From: Eric Van Hensbergen <ericvh@kernel.org>
To: asmadeus@codewreck.org
Cc: Christian Schoenebeck <linux_oss@crudebyte.com>,
v9fs@lists.linux.dev, ericvh@gmail.com
Subject: Re: cache fixes (redux)
Date: Fri, 29 Dec 2023 09:50:07 -0600 [thread overview]
Message-ID: <ZY7qr1Dy_aS716dC@FV7GG9FTHL> (raw)
In-Reply-To: <ZY3tJ0eD73Gmy_PQ@codewreck.org>
On Fri, Dec 29, 2023 at 06:48:23AM +0900, asmadeus@codewreck.org wrote:
> Eric Van Hensbergen wrote on Thu, Dec 28, 2023 at 09:07:46AM -0600:
>
> - the file struct, that'll back a fd somewhere (can be multiple fd per
> file with dup and friends); we keep the open 'fid' information around in
> the file's private data.
>
> (I'm not 100% sure how process cwd is handled -- probably just a ref on
> the dentry? When opening a file we need to figure it out from the
> dentry, so get the parent's dentry and fids from there
This was why I originally hooked transient fids up to dentries, because it
seemed like that was what was holding the open reference. Of course,
every dentry points to an inode so either work for these purposes, but
I wanted to clunk transient fids on dentry release versus wait for inode
release (which can take a while, particularly when caching).
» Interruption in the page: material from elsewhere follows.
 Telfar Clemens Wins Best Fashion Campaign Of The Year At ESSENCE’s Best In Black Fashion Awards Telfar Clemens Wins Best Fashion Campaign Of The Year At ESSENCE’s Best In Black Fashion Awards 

In the cache re-write I was looking at moving all fid management to inode,
but clunking transient fids inodes lose all dentry references. I need to go
back over the patches but I think I still had a clever way of linking
transient fids to particular dentries so that the tracking worked as
expected.
>
> that parent's dentry cached fid, or build it up -- I guess if there's no
> cache file here we could do multi-level walk, but my understanding was
> that there should always be something cached at the point...
>
The concern I have in the back of my head is a detached hierarchy where
we have a reference to the directory at the top of that hierarchy but
not all the way back to the mount point. In that situation, we can't
multiwalk all the way from root, which was the logic behind the step by
step d_parent walk until we find a fid. But I think that's the exception
case that has become the only case because of the structure of the code,
I think if we can't find a usable fid off of the d_parent, we try multi-walk
from root and if that fails we do the step-by-step. To be clear, I'm not
even sure how often this would every happen (when we don't have a valid
d_parent with a fid, I don't think that happens at all in practice in cache
mode but we are hanging on to way too many fids in cache mode, so maybe it
should occur more than it does....)
>
> something like ls you'll stat all files in a directory, so if there
> wasn't a cached fid for the parent's dentry you'd do a lot of
> multi-level walks, where caching the parent's dentry sound more
> efficent?)
>
yes, and I think this is what Ron was seeing recently -- although this
was without any cache mode.
>
> So to recap there should only be one inode, then as many dentries as
> there are paths to it, and as many files as there are "open handles" to
> it
>
> In cacheless modes we should drop dentries as soon as no file/process
> use it, ad drop inodes as soon as there's no dentries left.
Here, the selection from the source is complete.